Economic Growth Outlook

  • According to the credit rating agency, the Reserve Bank is unlikely to undertake the heavy lifting that it did last year by expanding liquidity, for the fear of other adverse macroeconomic consequences. 
  • The estimates of the gross domestic product (GDP) released by the government on May 31, 2021, are more optimistic than what the market had expected. In the financial year 2020-21, the economy contracted by 7.3 per cent, and the agriculture sector witnessed a growth of 3.6 per cent, while the services and industry sectors contracted by 8.4 per cent and seven per cent, respectively.
  • The economic growth of 1.6 per cent recorded in the January-March quarter of the financial year 2020-21 brings optimism on the recovery front, however, the growth in the fourth quarter was largely due to low base effect. During the March quarter, all major sectors registered growth, including the manufacturing and construction sectors that picked up a faster pace in the quarter. 

Inflation Rates

Under the current situation, maintaining retail inflation at four per cent with a margin of two per cent on either side may pose challenges, according to Brickwork Ratings. The central bank will have to be vigilant as the current ease in retail inflation is driven mostly due to a favourable base and weaker demand.

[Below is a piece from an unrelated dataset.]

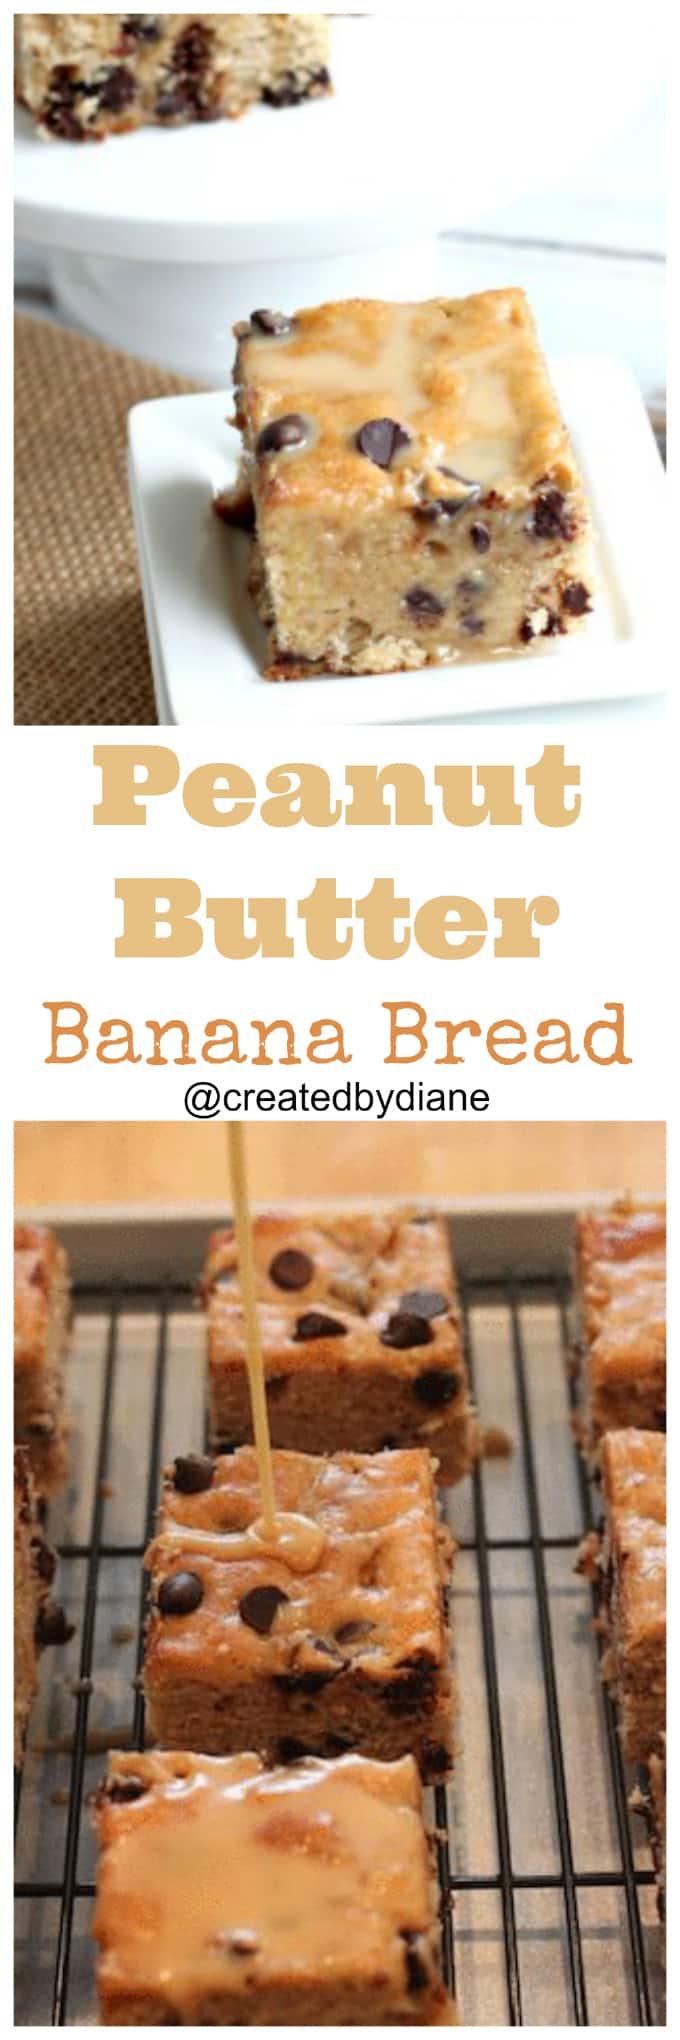 peanut-butter-banana-bread-createdbydiane

The Reserve Bank tracks the retail inflation – or the rate of increase in consumer prices as determined by the consumer price index (CPI). Meanwhile, the RBI in its bi-monthly monetary policy review on April 7, 2021, targeted the retail inflation at 5.2 per cent in the first half of the current fiscal 2021-22, and mandated to keep it within the range of two per cent – six per cent band with four per cent as a medium-term target. 

In April 2021, retail inflation eased to a three-month low of 4.29 per cent on the account of easing of food prices such as vegetables and cereals, according to government data.